Extract the stretch of lines that starts at the line with "Частный односемейный дом" and ends at the last line of the data below. Give it exactly, without pictures.
------ Supplied material
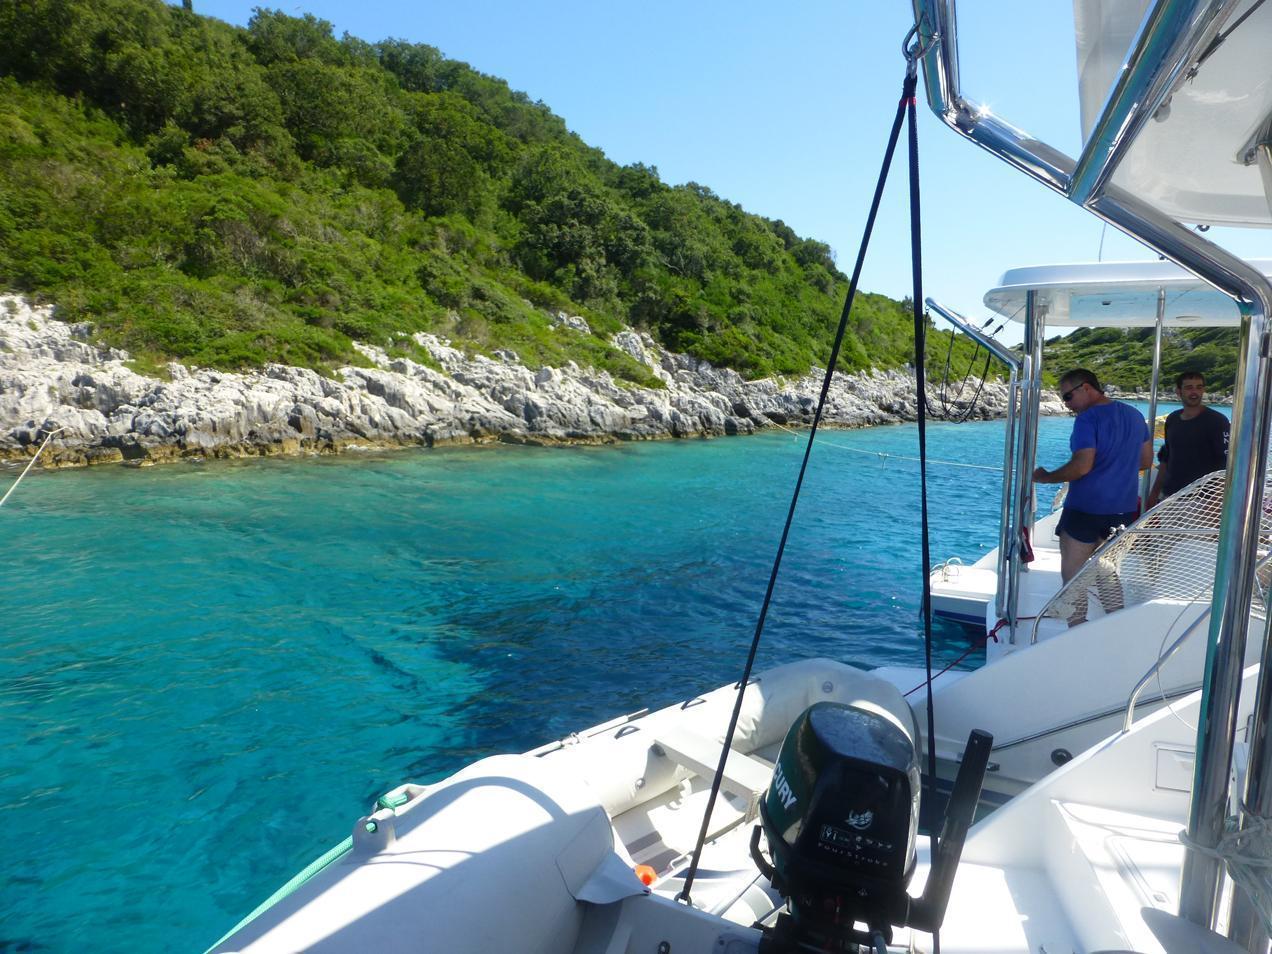 הפלגה ליוון עם דרך הים - עגינה במפרצים מדהימים
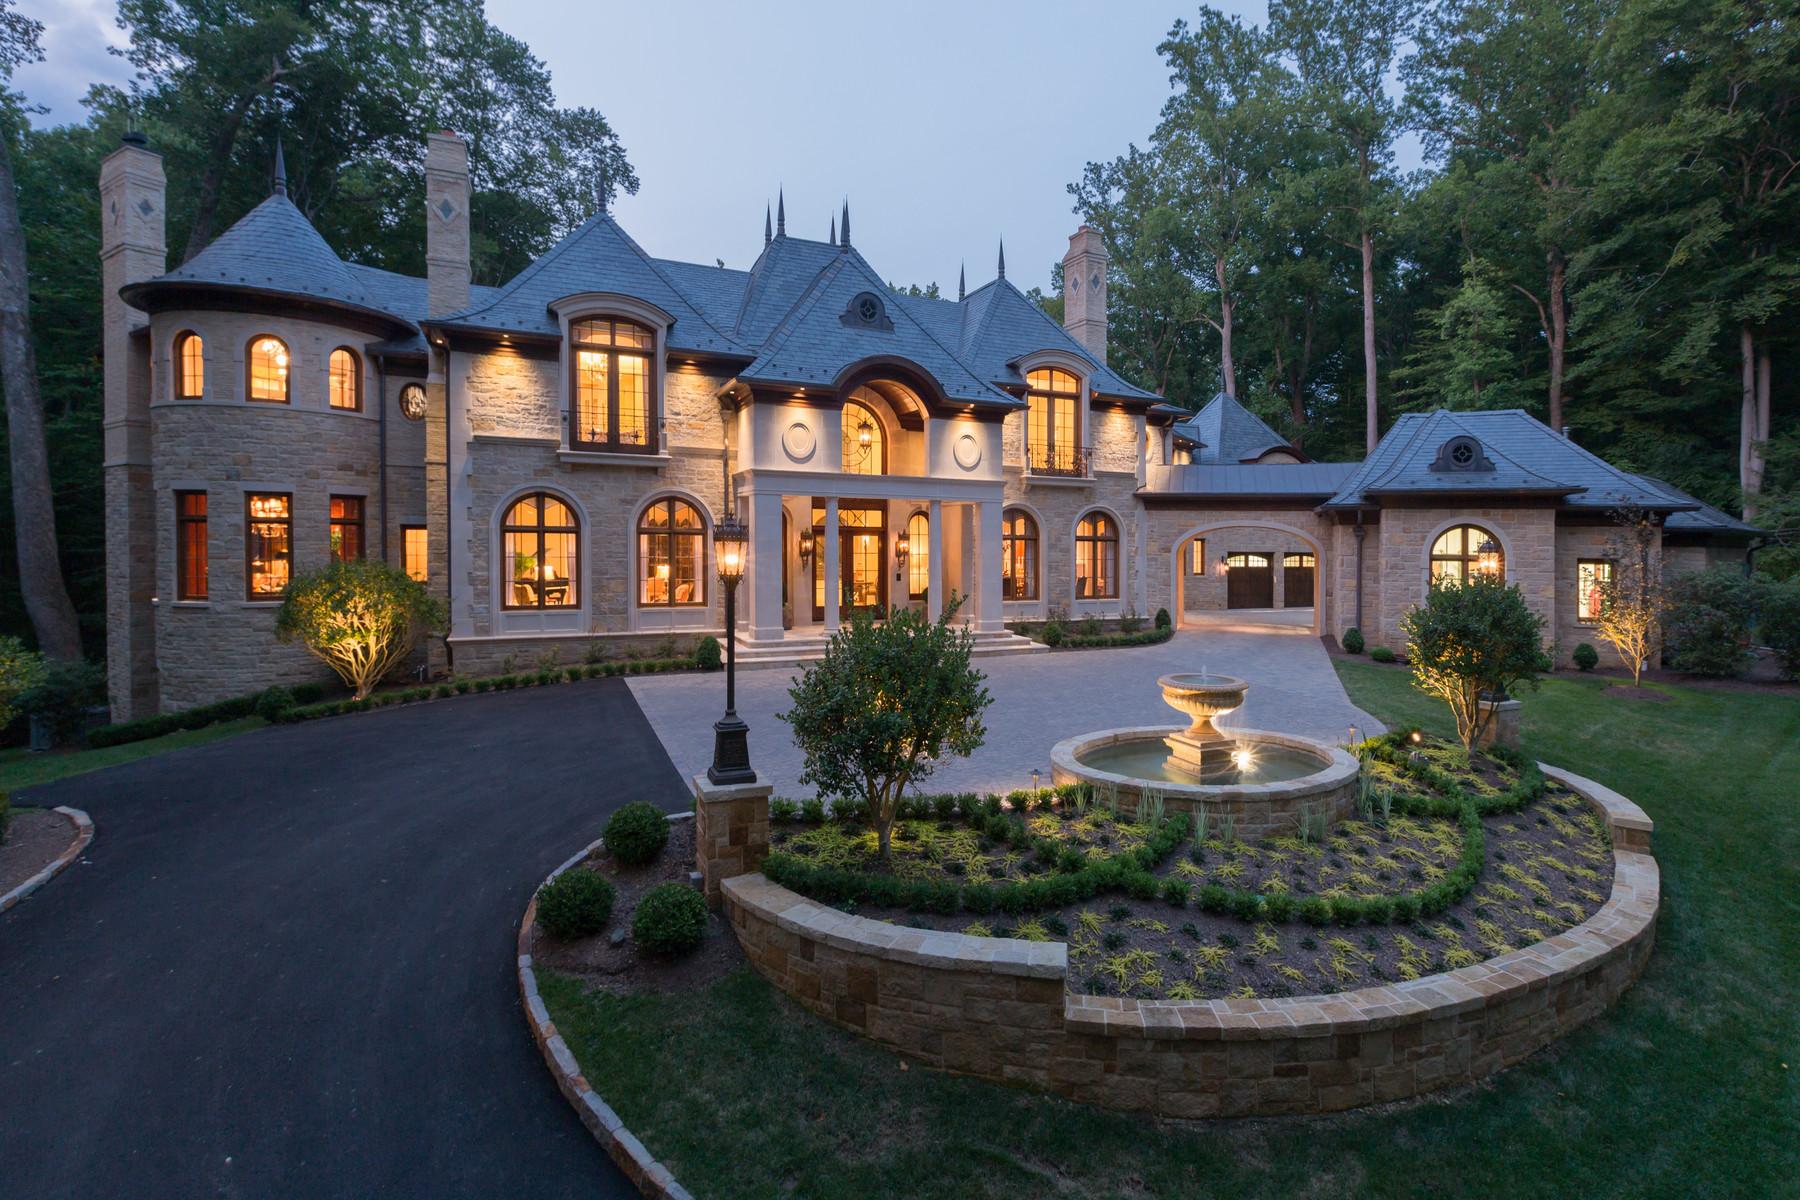 Частный односемейный дом для того Продажа на 801 Turkey Run Rd. McLean VA McLean, Виргиния 22101 Соединенные Штаты
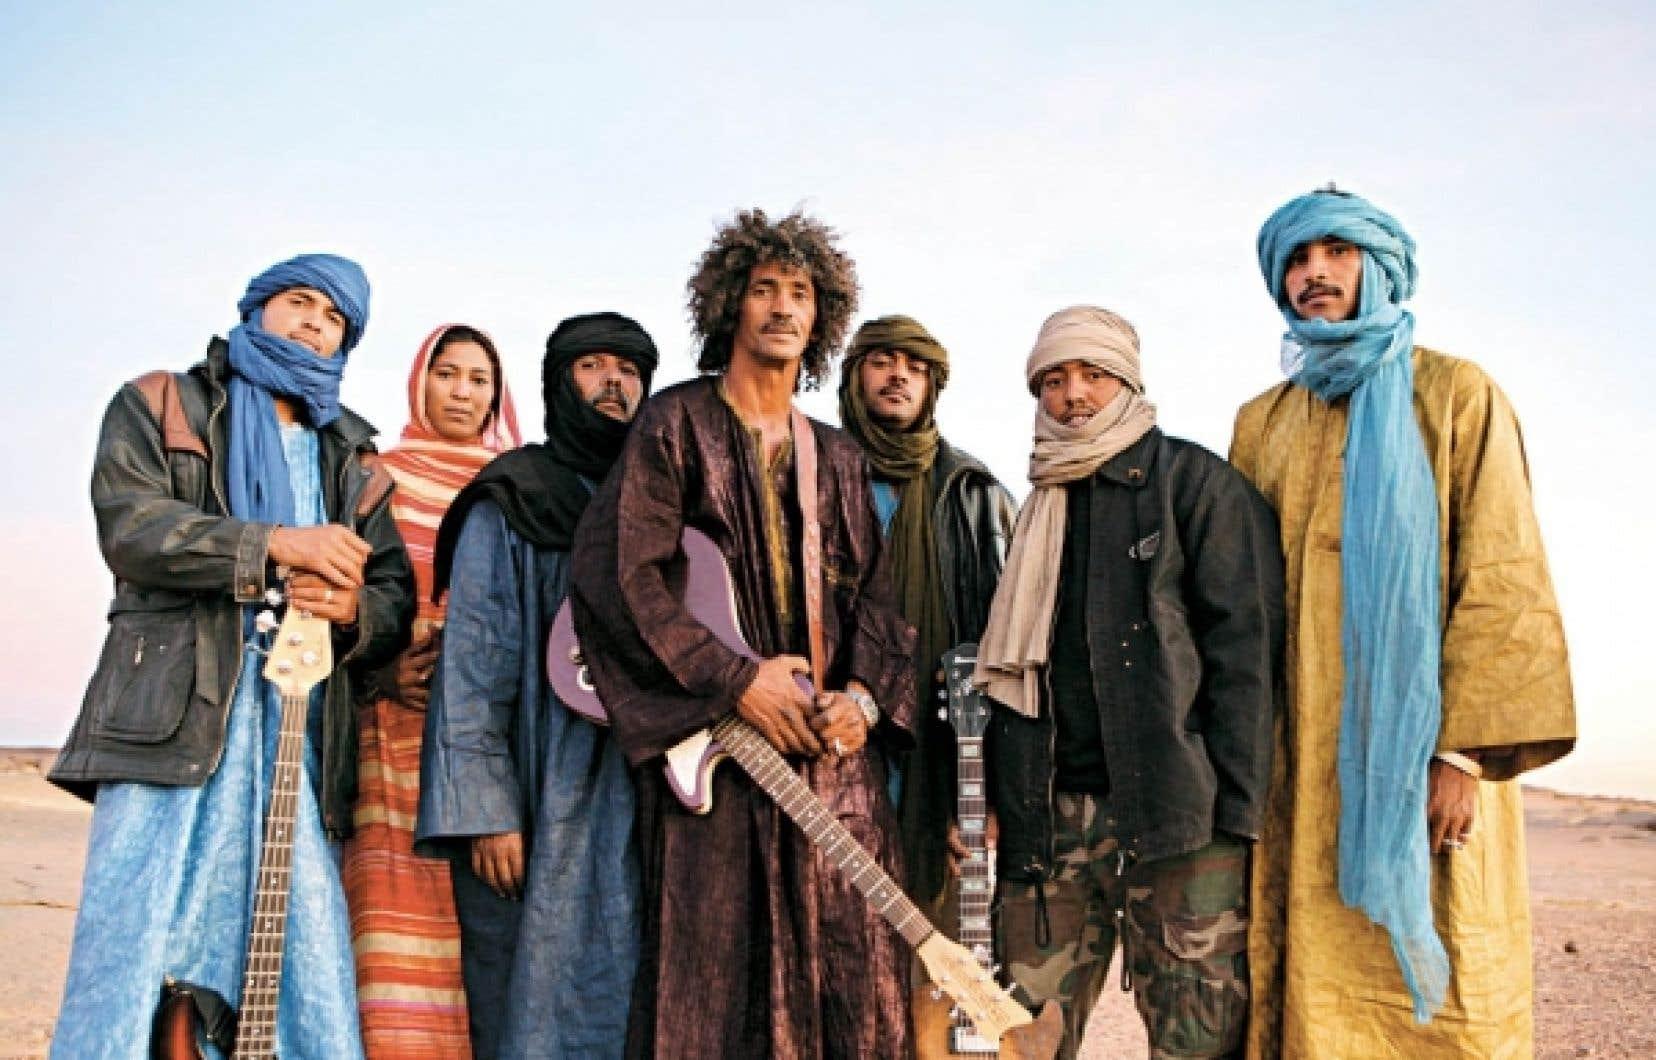 Le DVD qui accompagne Imidiwan: companions illustre très bien l'univers de la création du disque dans le silence et l'immensité de la terre, avec pour tout paysage le sable, les roches et l'austérité.
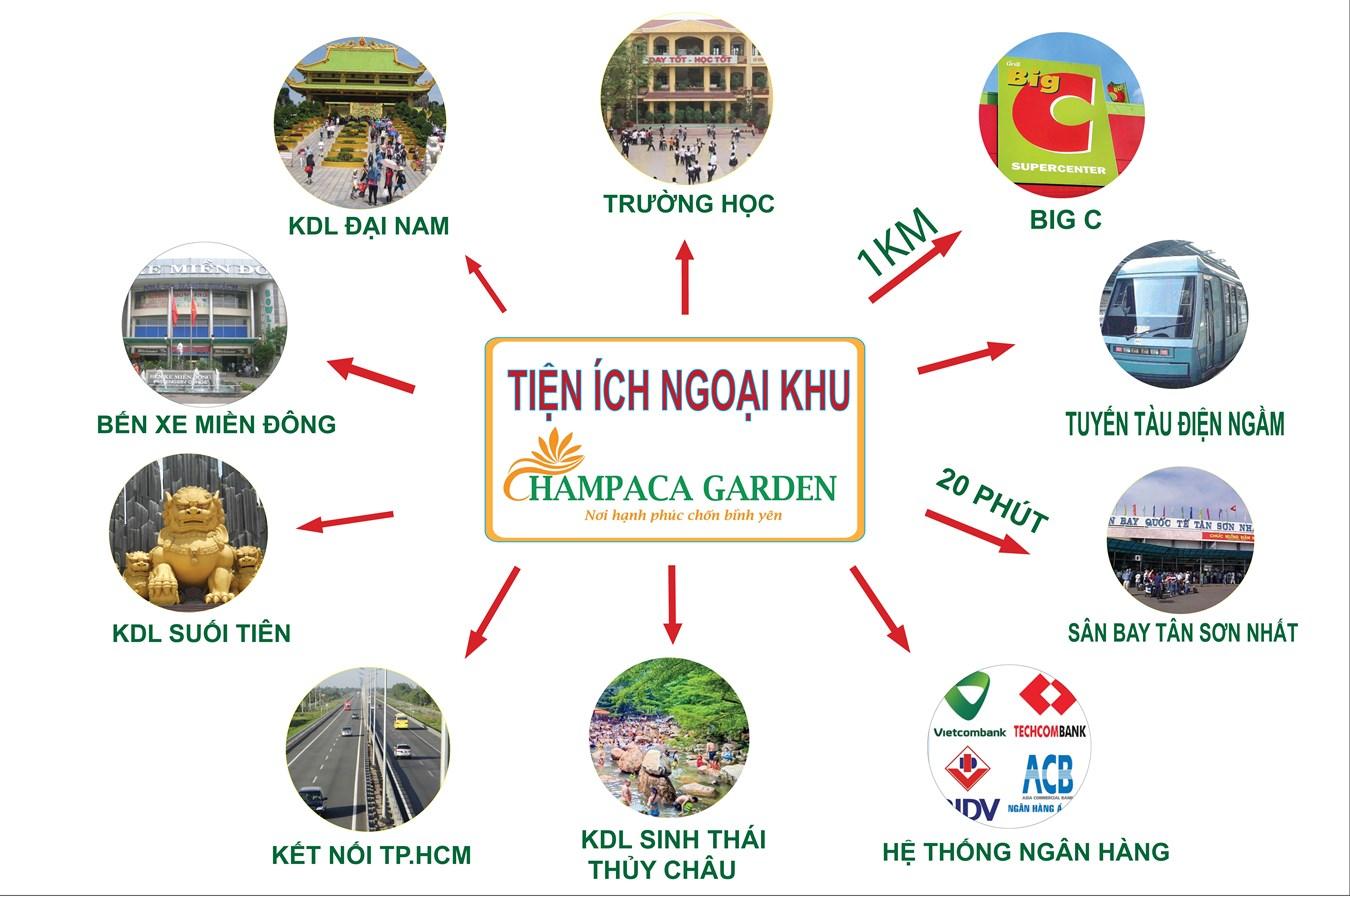 Tien-Ich-Ngoai-Khu-Du-An-Champaca-Garden-Binh-Duong
------------
Written solution:
 Частный односемейный дом для того Продажа на 801 Turkey Run Rd. McLean VA McLean, Виргиния 22101 Соединенные Штаты
 Le DVD qui accompagne Imidiwan: companions illustre très bien l'univers de la création du disque dans le silence et l'immensité de la terre, avec pour tout paysage le sable, les roches et l'austérité.
 Tien-Ich-Ngoai-Khu-Du-An-Champaca-Garden-Binh-Duong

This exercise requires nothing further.